A method for constructing a confidence bound for the actual error rate of a prediction rule in high dimensions

Kevin K. Dobbin

National Cancer Institute, 6130 Executive Boulevard, EPN Room 8124, Rockville, MD 20892, USA dobbinke{at}mail.nih.gov

Constructing a confidence interval for the actual, conditional error rate of a prediction rule from multivariate data is problematic because this error rate is not a population parameter in the traditional sense—it is a functional of the training set. When the training set changes, so does this "parameter." A valid method for constructing confidence intervals for the actual error rate had been previously developed by McLachlan.

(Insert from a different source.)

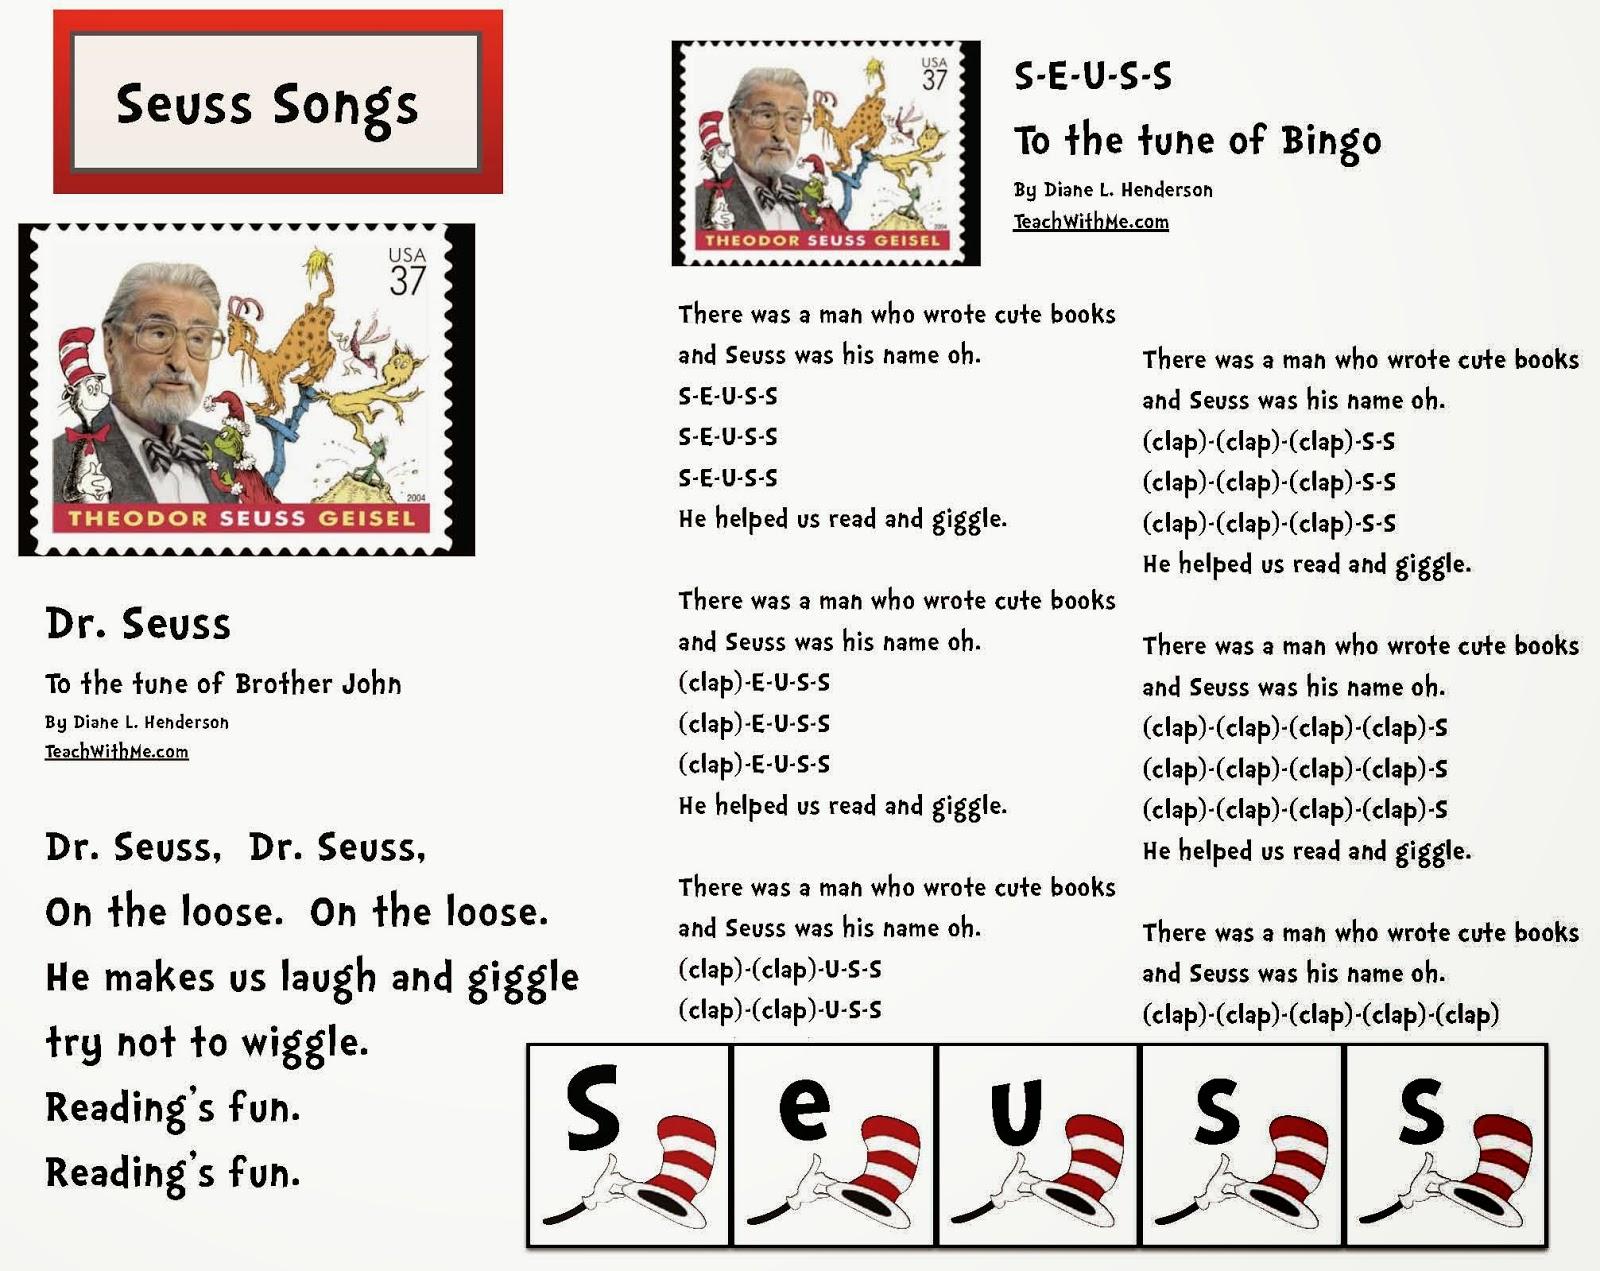 doctor song for preschool classroom freebies dr seuss activities songs for seuss 690

However, McLachlan's method cannot be applied in many cancer research settings because it requires the number of samples to be much larger than the number of dimensions (n >> p), and it assumes that no dimension-reducing feature selection step is performed. Here, an alternative to McLachlan's method is presented that can be applied when p >> n, with an additional adjustment in the presence of feature selection. Coverage probabilities of the new method are shown to be nominal or conservative over a wide range of scenarios. The new method is relatively simple to implement and not computationally burdensome.

Keywords: Accuracy; Confidence interval; Error rate; Prediction

Received February 25, 2008; revised September 2, 2008; accepted for publication September 18, 2008.